Подельники ее засмеялись тоже.
— Все равно убью, падаль, — Репень самострел не опустил.
— Ну так и сам сдохнешь, — отозвался за Иль могучий разбойник..
Застыли шатко, что на бревне осклизлом — кто кому первым шею продырявит, а дальше…
Вдруг — затрещало, загремело, зарычало.
Крикнул человек где-то, коротко и страшно.
Супротивники друг на друга уставились.
— Что за дичь?! — спросила Иль. — Ваши шутки?!
— То в шестом, в самом задке, — молвил могучий разбойник, — там, кажись, Лучина с ребятами…
Кивнул разбойному с меченой рожей.
— Марода, проверь!
Не успел Марода и шагу ступить, как распался торец, точно берестяной хлипец, сунулось вовнутрь, в теплое людское, черное чудище хребтом под саму крышу. Шарахнули дружно дружина да разбойник из самострелов, ан все зря.
Выхватило себе чудище человека, с ним же и сокрылось.
Молодец дюжий зарычал, бросился было вдогон — разбойница не дозволила.
— …! — сказала. — Пешня, осади!
И прибавила злым голосом пару таких оборотов, которых Сумарок сродясь от девиц не слыхивал.
Тать же покорился вожачке.
Наново загремело, заворочалось в распавшейся стене клубом, сверкнули глаза алым…

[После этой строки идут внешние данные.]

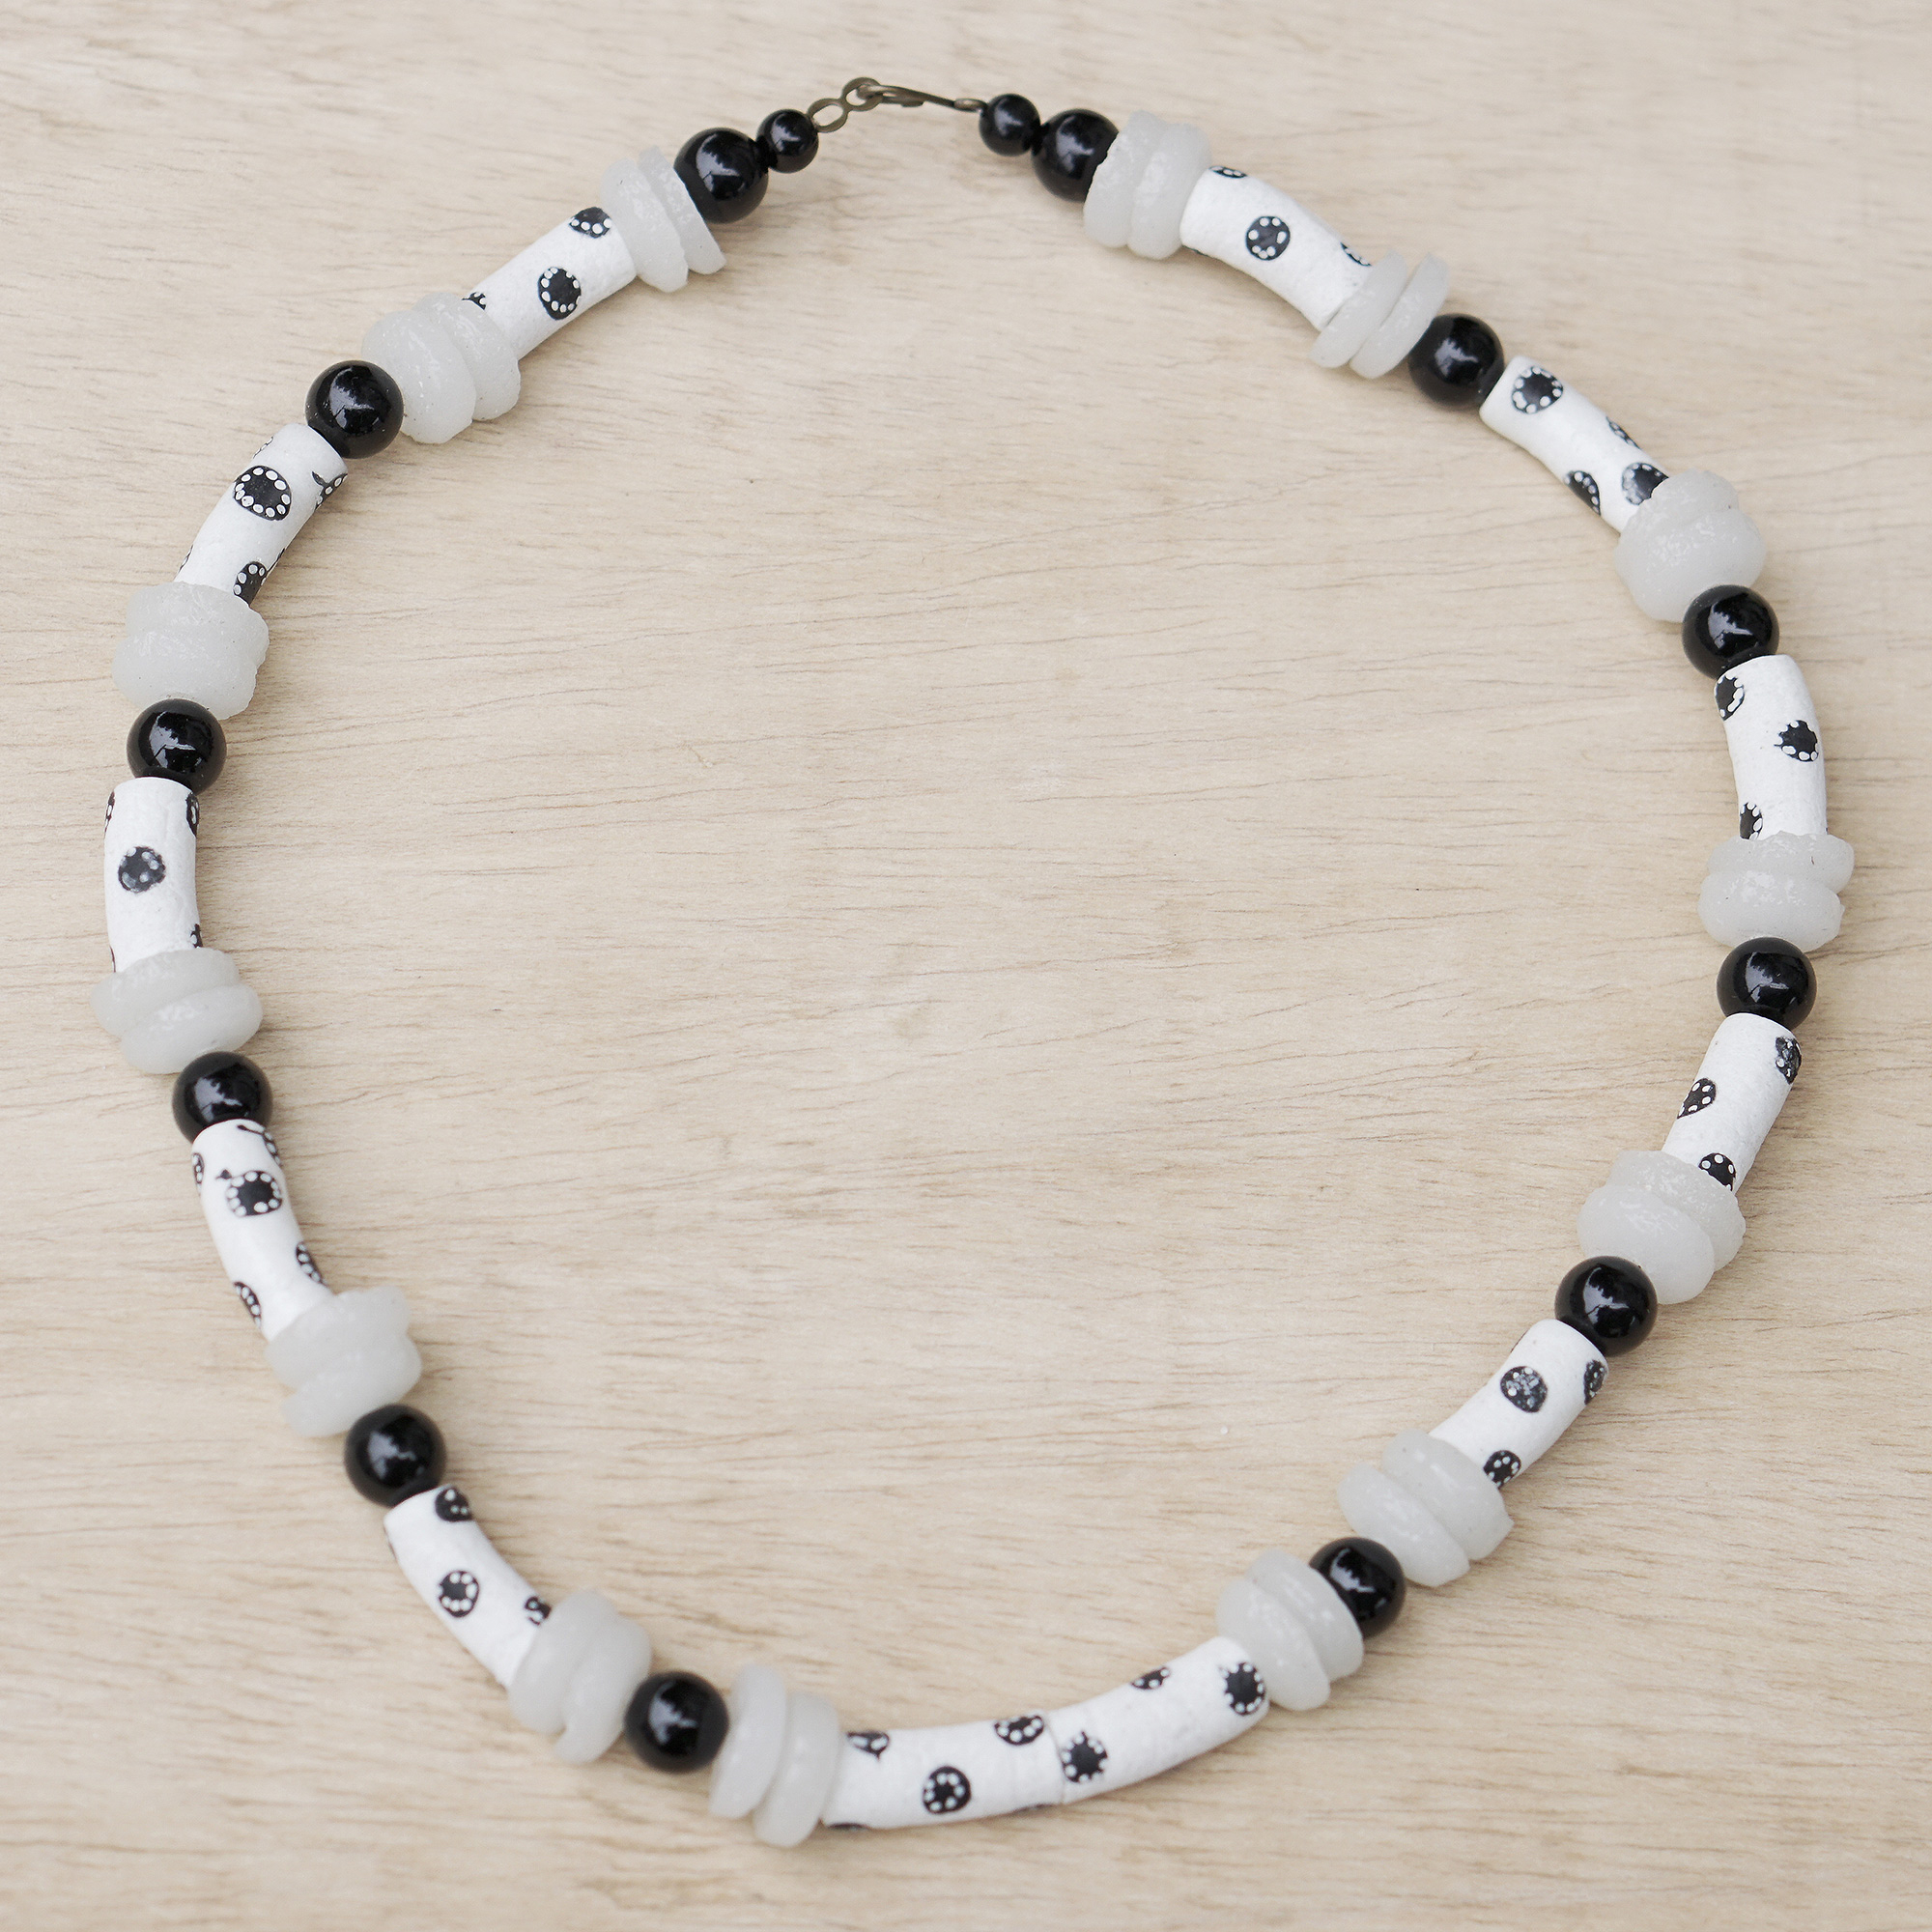 Buy Choker Necklace Black White Pearl Seed Bead Online in India - Etsy

Ломанулись прочь, в одни двери, уже не разбирая, со своим али со врагом бок о бок.
Сумарок с Репнем накинули тяжелый засов, крепя защиту.
Оглянулся чаруша. Не помнил он, как сени миновали — запоздало стыдом кольнуло, что так испугался, индо память отшибло…
Прочие творили чуры, ограждались “козьими рожками”, шептали моления.
Амуланга отступила, настороженно на гостей ночных взглядывая. Ильмень ее глазами зацепила, кивнула:
— Здорово, сестрица!
— Лисица тебе сестрица, — огрызнулась Амуланга.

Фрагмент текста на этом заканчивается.